Image Source : Krish Capital Pty Ltd
Index Update: The FTSE 100 index, a key benchmark index for the London stock exchange, went down around 0.42% on 13 January 2025. Energy, Utilities & Basic Materials sector has witnessed a substantial growth. Moreover, Industrials, HealthCare and Technology sector has faced a significant decline.
Macro Update: London's financial sector saw a sharp drop in job vacancies, with a 20% decline in Q4 2024 compared to the previous quarter and a 28% decrease for the year overall, reaching its lowest levels since June 2020, according to Morgan McKinley's Employment Monitor. The sector grapples with challenges including economic volatility, geopolitical uncertainties, strategic overhauls, and rapid technological disruptions. At the same time, British 30-year government bond yields surged to a 27-year high, fueled by concerns over increased debt issuance amid a slowing economy and inflationary pressures in the U.S. Finance Minister Rachel Reeves, under scrutiny for visiting China during this market turmoil, defended her fiscal policies while seeking to revive economic and financial discussions that had been frozen for nearly six years.

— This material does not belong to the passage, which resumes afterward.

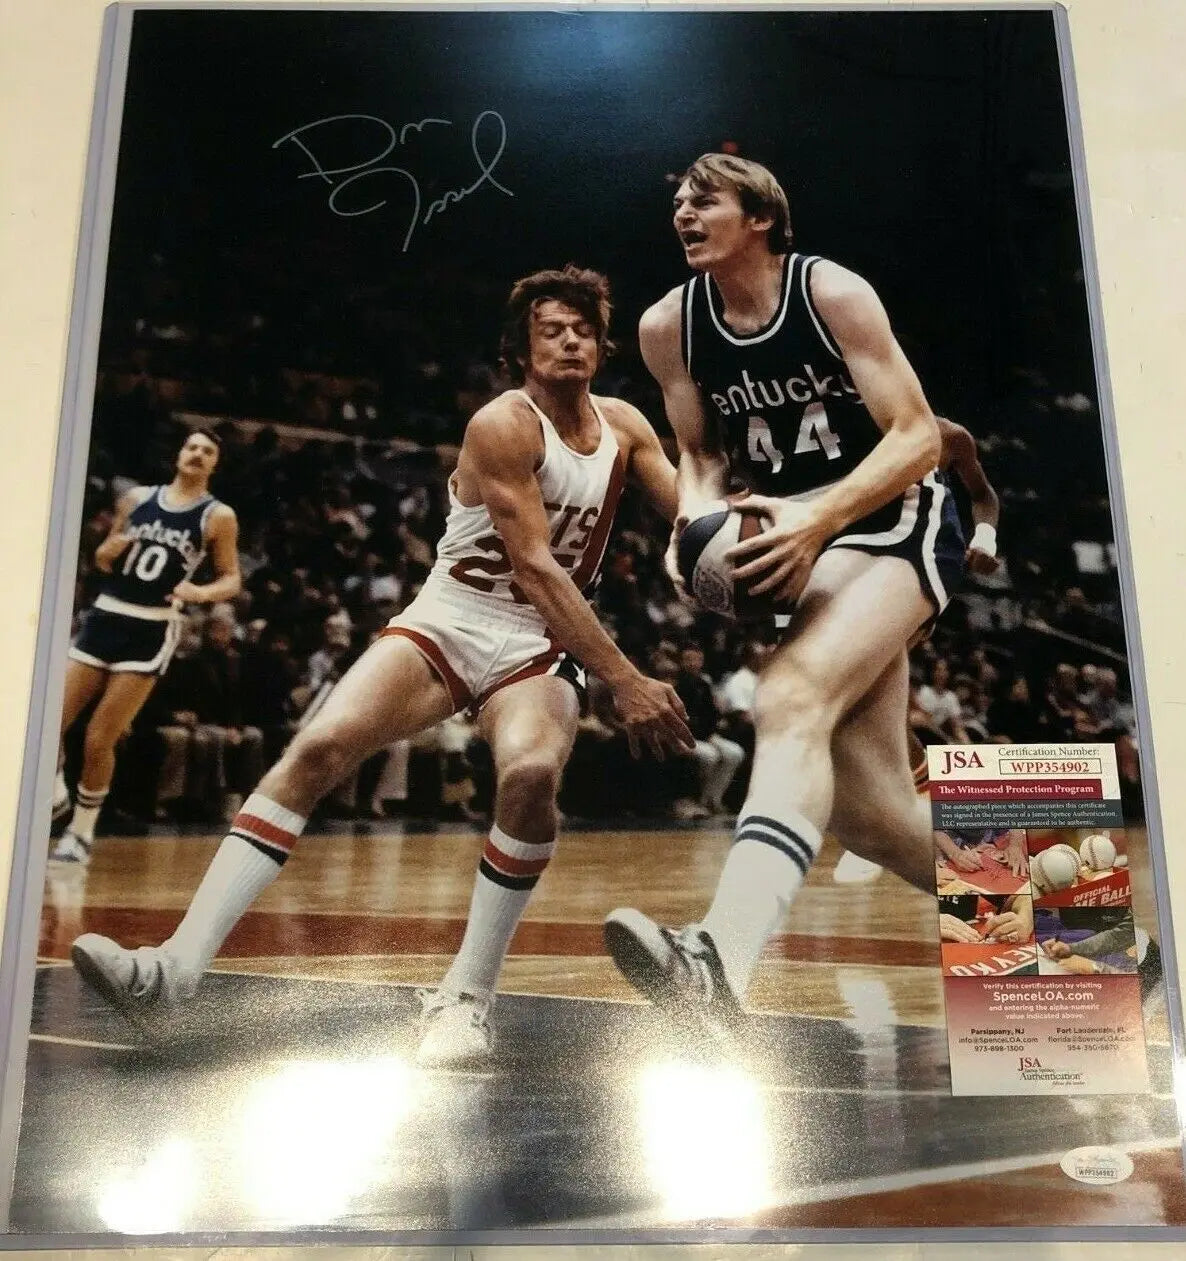 MVP Authentics Dan Issel Autographed Signed Kentucky Colonels 16X20 Photo Jsa Coa 81 sports jersey framing , jersey framing

Top Market Movers: Among top gainers on FTSE 100 index, Rentokil Initial PLC (LSE: RTO) witnessed a rise of 2.33% followed by Entain PLC (LSE: ENT) which gained around 2.12%.
Commodity Update: The U.S. dollar surged at the start of the week, bolstered by a strong jobs report highlighting the nation's economic resilience. U.S. job growth accelerated in December, with the unemployment rate dropping to 4.1%, prompting traders to scale back expectations for Federal Reserve rate cuts in 2025. The dollar's strength left its peers languishing near multi-year lows. In commodities, gold inched up 0.01% to $2,715.70, while silver dropped 0.24% to $31.23. Copper gained 0.50%, reaching $9,126.50. Meanwhile, Brent crude oil climbed 1.81%, settling at $81.22 per barrel, driven by concerns over supply disruptions following the U.S.'s stringent sanctions on Russian oil exports.
Our Stance: The recent surge in U.S. Treasury yields, spurred by stronger-than-expected job growth in December and a declining unemployment rate, has heightened expectations of prolonged high interest rates by the Federal Reserve. This has reignited inflation concerns, dampened hopes for a yield reprieve, and increased market volatility. Meanwhile, China is stepping up measures to stabilize the yuan, including plans to park more dollars in Hong Kong and enhance capital flows, as the currency hits 16-month lows amidst a strong dollar and geopolitical uncertainties. Oil prices extended their rally, with Brent crude surpassing $80 per barrel due to stricter U.S. sanctions on Russian oil, while Chinese and Hong Kong stocks faced declines over concerns about the U.S.-China yield gap and fewer anticipated U.S. interest rate cuts. These developments highlight a complex global economic landscape with inflationary pressures, geopolitical tensions, and market volatility at play.
FTSE 100
The FTSE 100 closed at 8,248.49 on Friday, down by 0.86%, forming a bearish candlestick pattern, though it found solid support at 8,002.00. The index remains above its 21-period Simple Moving Average (SMA), indicating potential for short-term upward momentum. The 50-period SMA provides additional downside support, minimizing the risk of a sharp decline. With the Relative Strength Index (RSI) at 52.39, bullish sentiment persists. On the weekly chart, the FTSE 100 rose 0.30%, staying above the 50-period SMA at 8,130.76. Key support lies at 7,932, with resistance at 8,400. A breakout above 8,400 could signal stronger bullish momentum, while a drop below 8,020 may indicate further downside. Monitoring these levels is essential for predicting future price movements.